The gospel establishes believers in truth, convicts them of their sins, and leads them to repentance (Ps 119:9-11, Acts 17:30-31, Col 1:3-6, 2Tim 3:16-17) that God may be glorified, both by their profession and works (Mt 5:16, Acts 13:48, Rom 15:8-9, 1Cor 6:20, Philip 2:9-11, 2Thes 1:12, 2Thes 3:1).

The gospel is the power of God unto salvation to everyone that believeth (Rom 1:16, 1Cor 1:18, 1Cor 1:23-24), in that it delivers those quickened by the Spirit from the darkness of Satan unto the light of Christ (Jn 8:12, Jn 12:46, Acts 13:47, 1Jn 1:5), and leads them to the intelligible discovery of their Savior (1Cor 14:24-25), and transforms them toward the example of His life (2Cor 3:18, Philip 2:5-11, 1Jn 2:6), all of which will be brought to perfection at His glorious appearing (1Cor 15:51-57, Philip 3:20-21, 1Jn 3:2).
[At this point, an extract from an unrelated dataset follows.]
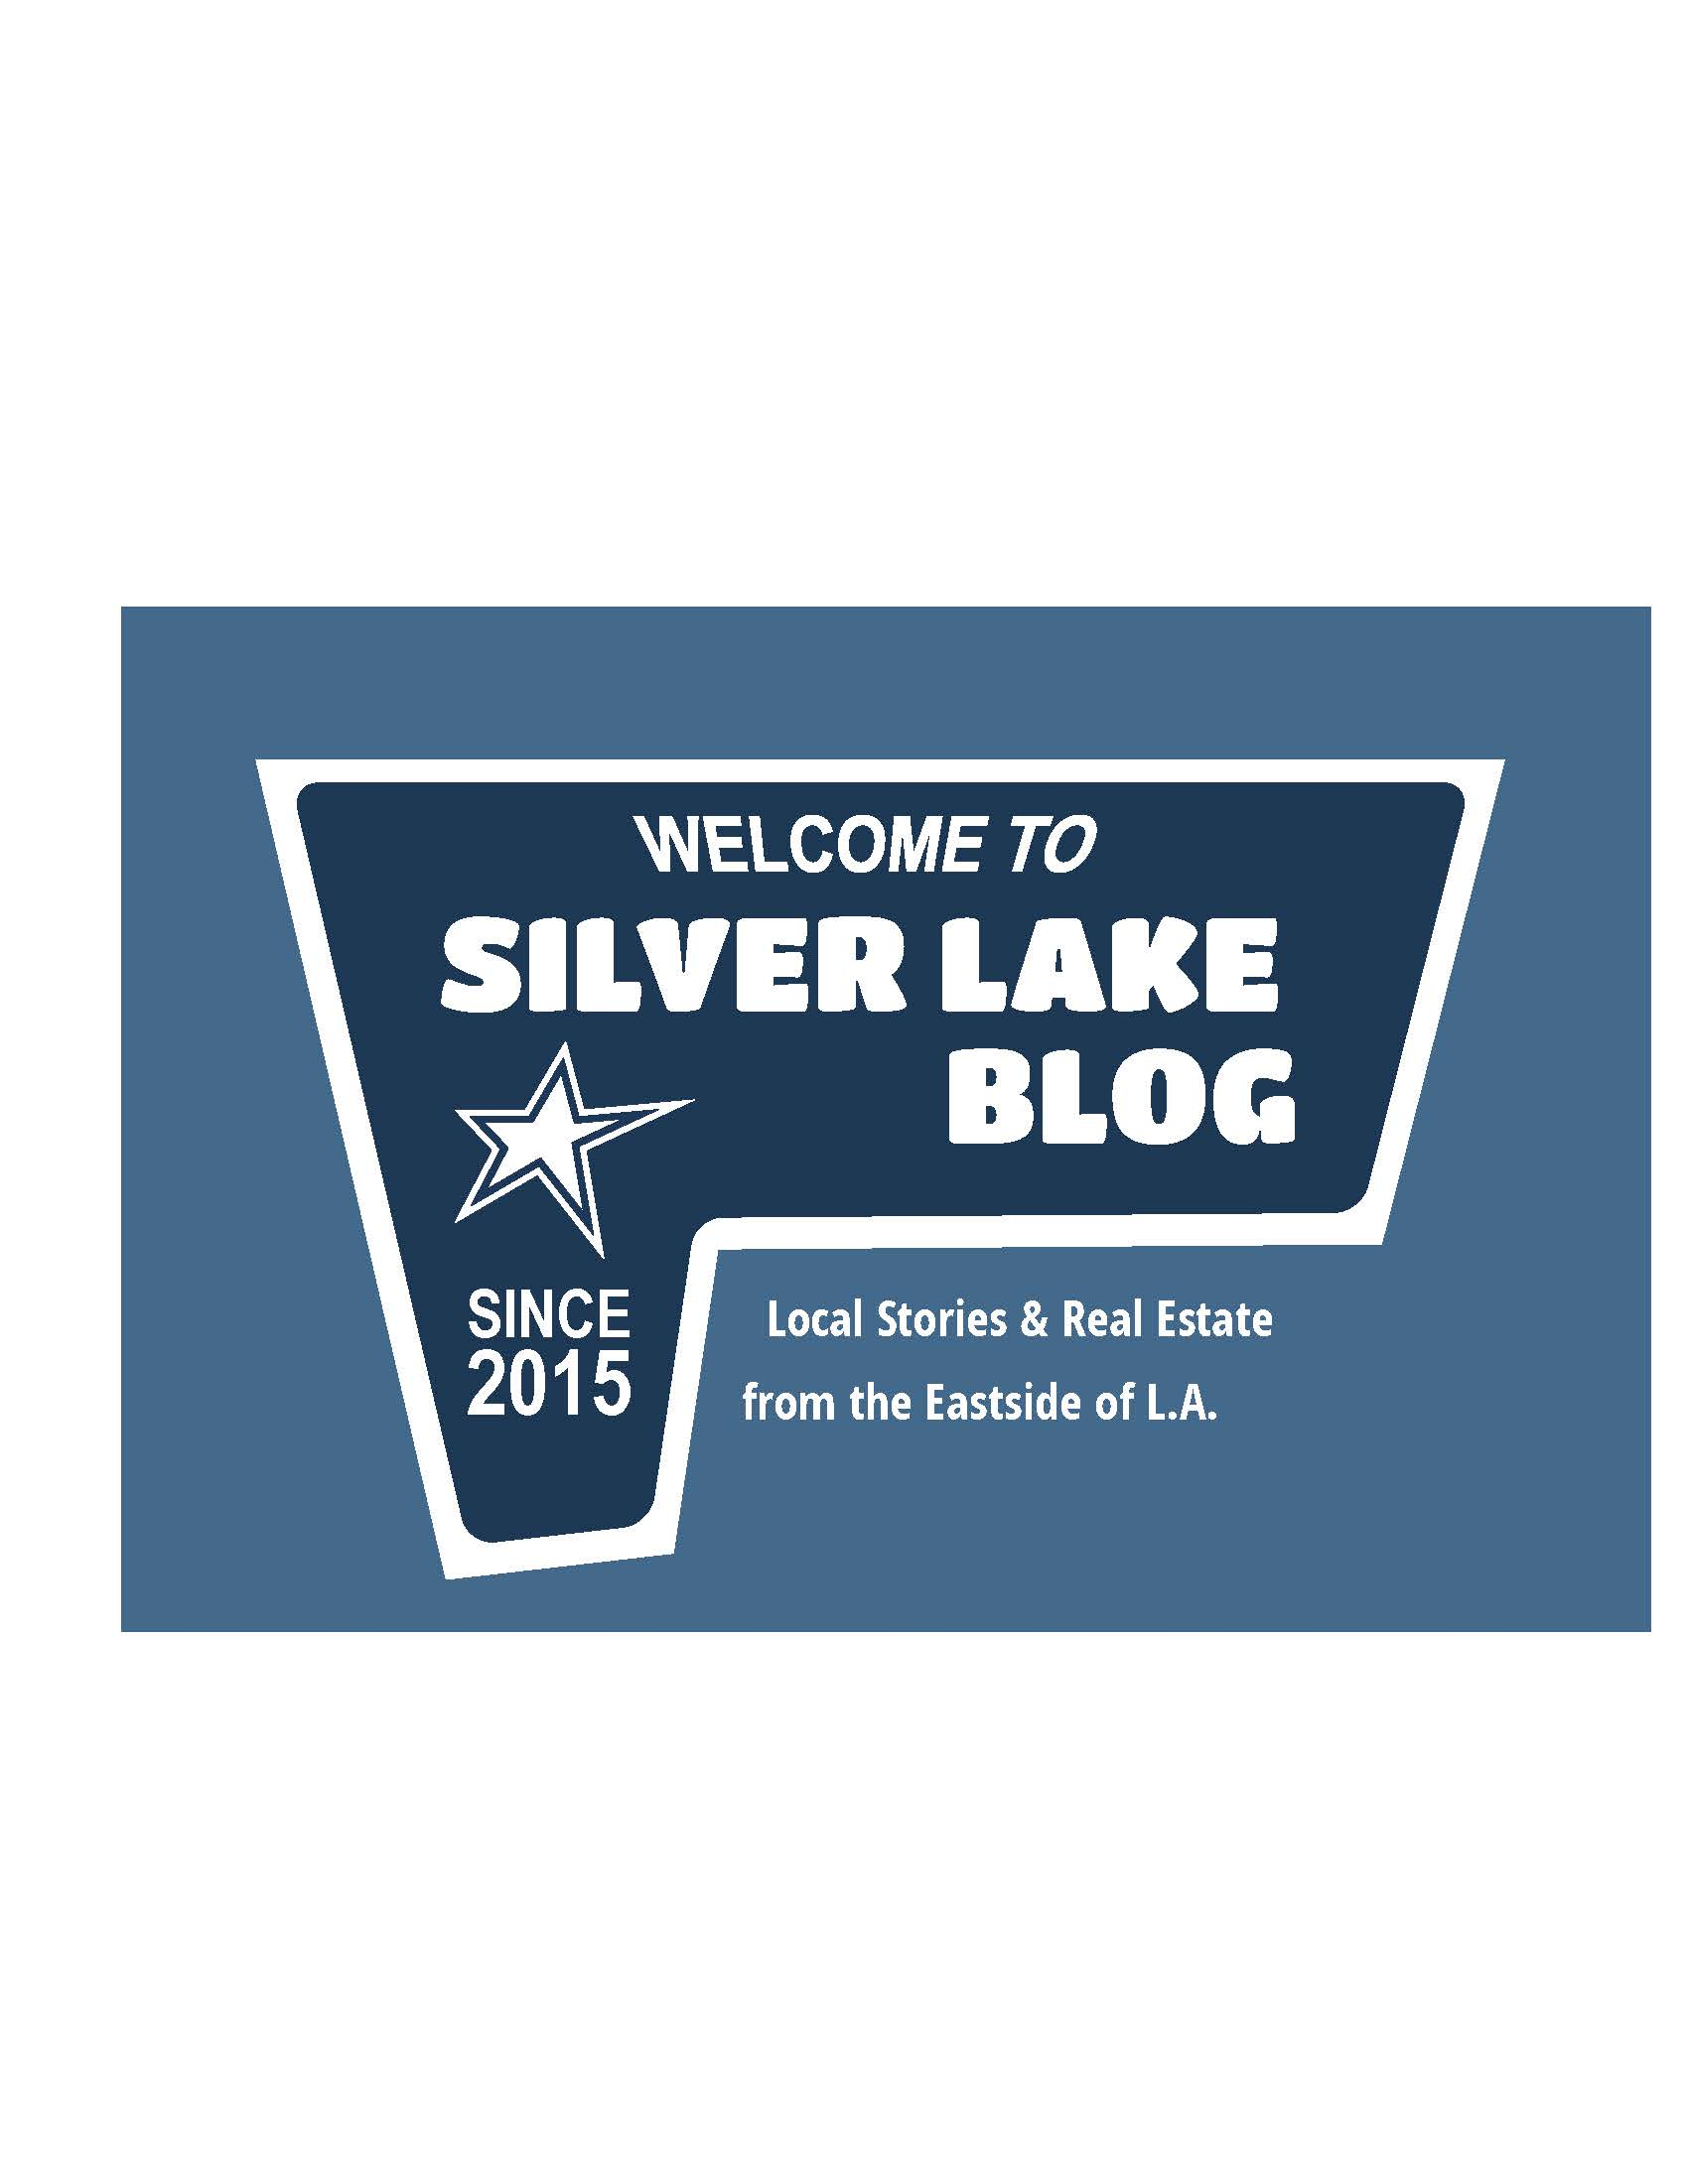 SilverLakeBlog

All other forms of knowledge are inferior to the gospel (Philip 3:8-11), and without the gospel there can be no true worship (Jn 4:24, Jn 5:22-23).
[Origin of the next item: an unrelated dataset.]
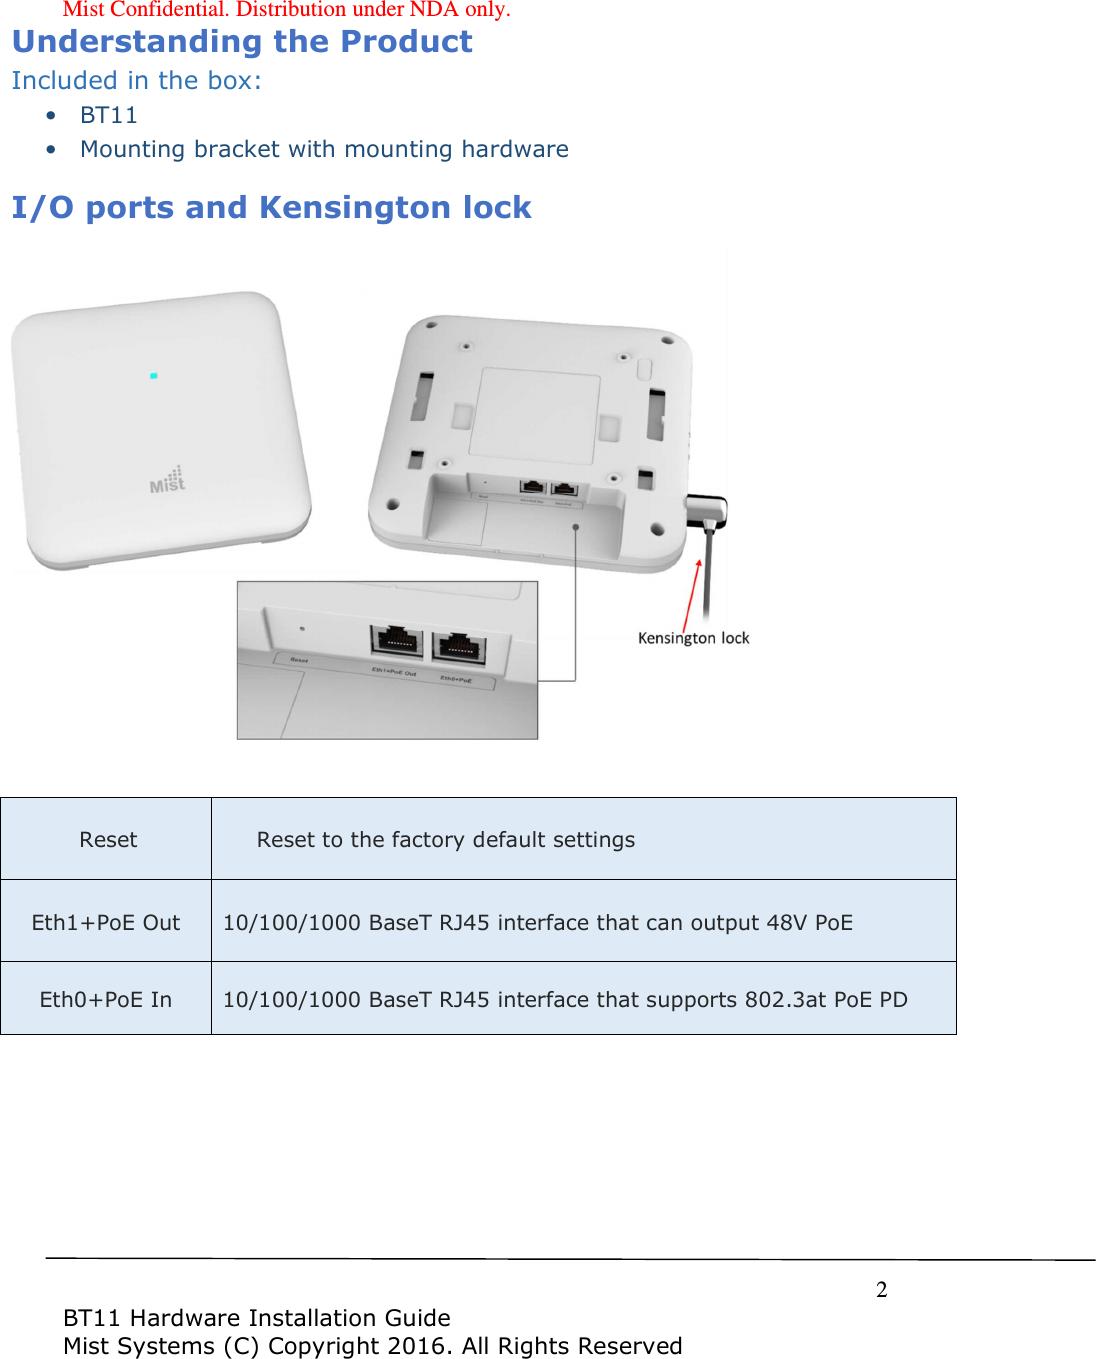 Mist Systems BT11 BLE Array AP - internal Antenna User Manual

The gospel is inherently evangelical. All who are blessed to have it are commanded to teach it to others also (Mt 5:14-16, Mt 10:27, 2Tim 4:1-6, 1Pet 3:15), and this should be the happy task of all who love God's truth and His children._


----------



## Pilgrim (Sep 19, 2011)

I haven't seen it here in so many words, but wouldn't the concept of Eternal Justification be espoused by many hardshells?


----------



## JM (Sep 19, 2011)

Pilgrim said:


> I haven't seen it here in so many words, but wouldn't the concept of Eternal Justification be espoused by many hardshells?



It is but not everyone who believes in justification _from_ eternity would be considered a hardshell.


----------



## Pilgrim (Sep 19, 2011)

JM said:


> Pilgrim said:
> 
> 
> > I haven't seen it here in so many words, but wouldn't the concept of Eternal Justification be espoused by many hardshells?
> ...



What would be the difference between the two concepts? I have a guess, but you're much more familiar with Hardshells, etc.


----------



## JM (Sep 19, 2011)

Those who believe in justification from eternity, myself included, believe in the open proclamation of the Gospel to all. Hardshells deny any "means," no preaching of the Gospel whatsoever. 

jm


----------



## bookslover (Sep 20, 2011)

Pergamum said:


> Richard, I would love to get sources for those Lincoln assertions, fascinating!



Pergy: I think I read most of that stuff in the Encyclopedia Britannica.


----------